Papillion-La Vista South High School (commonly referred to as Papio South, PLSHS, PLSouth, or PLS) is a high school in Papillion, Nebraska, United States. It is one of two high schools in the Papillion-La Vista Public School District. The school's principal is Jeff Spilker.

==History==
Papillion-La Vista South High School opened in the fall of 2003. A successful 2018 referendum allocated money for the expansion of Papio South's facilities to accommodate over 2,000 students.

== Academics ==
Papillion-La Vista South offers dual credit classes through the University of Nebraska Omaha.

== Extracurricular activities ==

=== Athletics ===
Papilion-La Vista South has won eighteen state championships: girls' cross-country in 2010, 2014, and 2015; girls' track and field in 2023, 2025, and 2026; volleyball in 2010, 2011, 2012, 2019, 2021, 2022, 2024, and 2025; boys’ cross-country in 2017; boys' basketball in 2025 and baseball in 2010 and 2011. The Papillion South student section is known as the "Black Hole".

=== Performing arts ===
PLS has three competitive show choirs, the mixed-gender "Titanium", "Titan Express", as well as the all-female "Titan Radiance". The program also hosts an annual competition, the "Titan Classic". The choirs are backed by a state winning showband, "Platinum".

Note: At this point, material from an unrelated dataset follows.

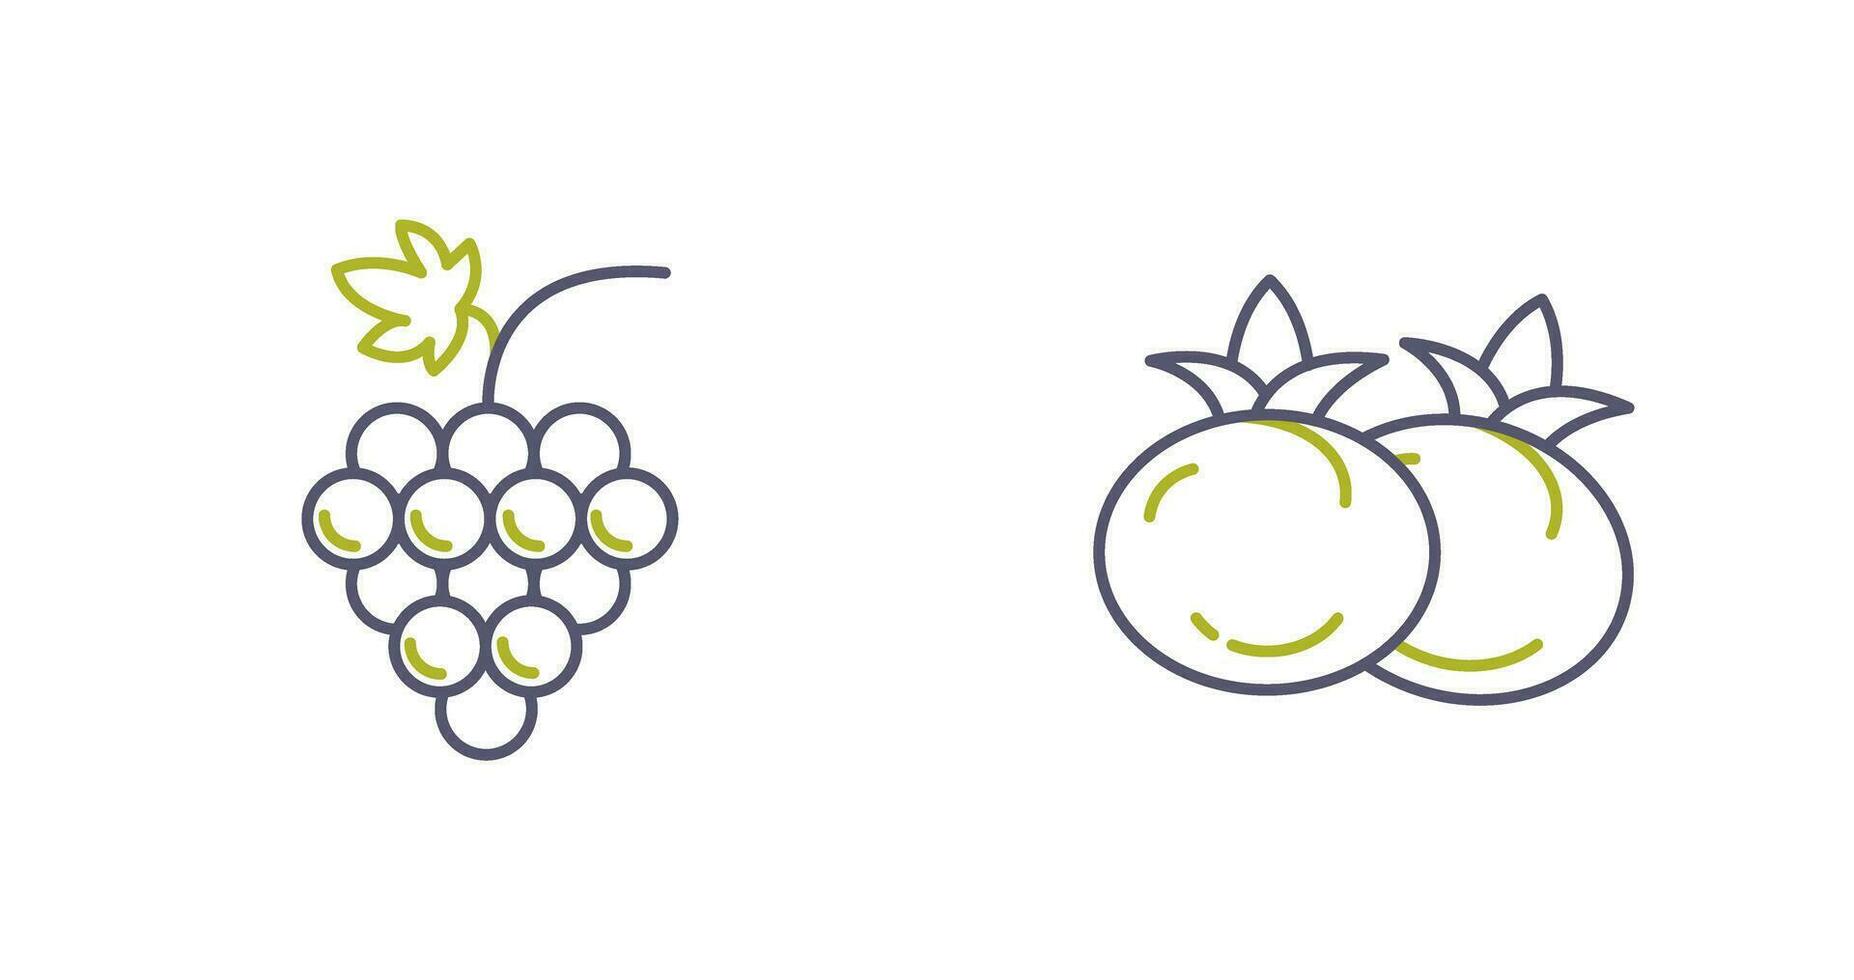 Grapes and Tomato Icon vector

The school also has a competitive marching band and hosts an annual competition, "Titan Marching Invitational" for that discipline. The Titan Marching Band won the Nebraska class AA and Grand Championship at the NSBA state marching contest in 2021. The school also has two jazz bands, the top group "Silver Tones" and the lower group "Blue Notes". Both jazz bands have a reputation for Superior ratings at competitions.

Papio South's band program also has a winter arts program that includes winter winds, winter guard, and winter percussion. All of these groups compete in WGI competitions, with guard winning a Regional in Denver, CO, their Winds placing 4th in Winds Scholastic A World Finals, and their Percussion group placing 28th in Percussion Scholastic World Prelims.

The school formerly had a "Rap Club" which went on to produce four albums, Room D05 (2015), GOAT (2016), FEUD (2017), and Mixed Emotions (2018).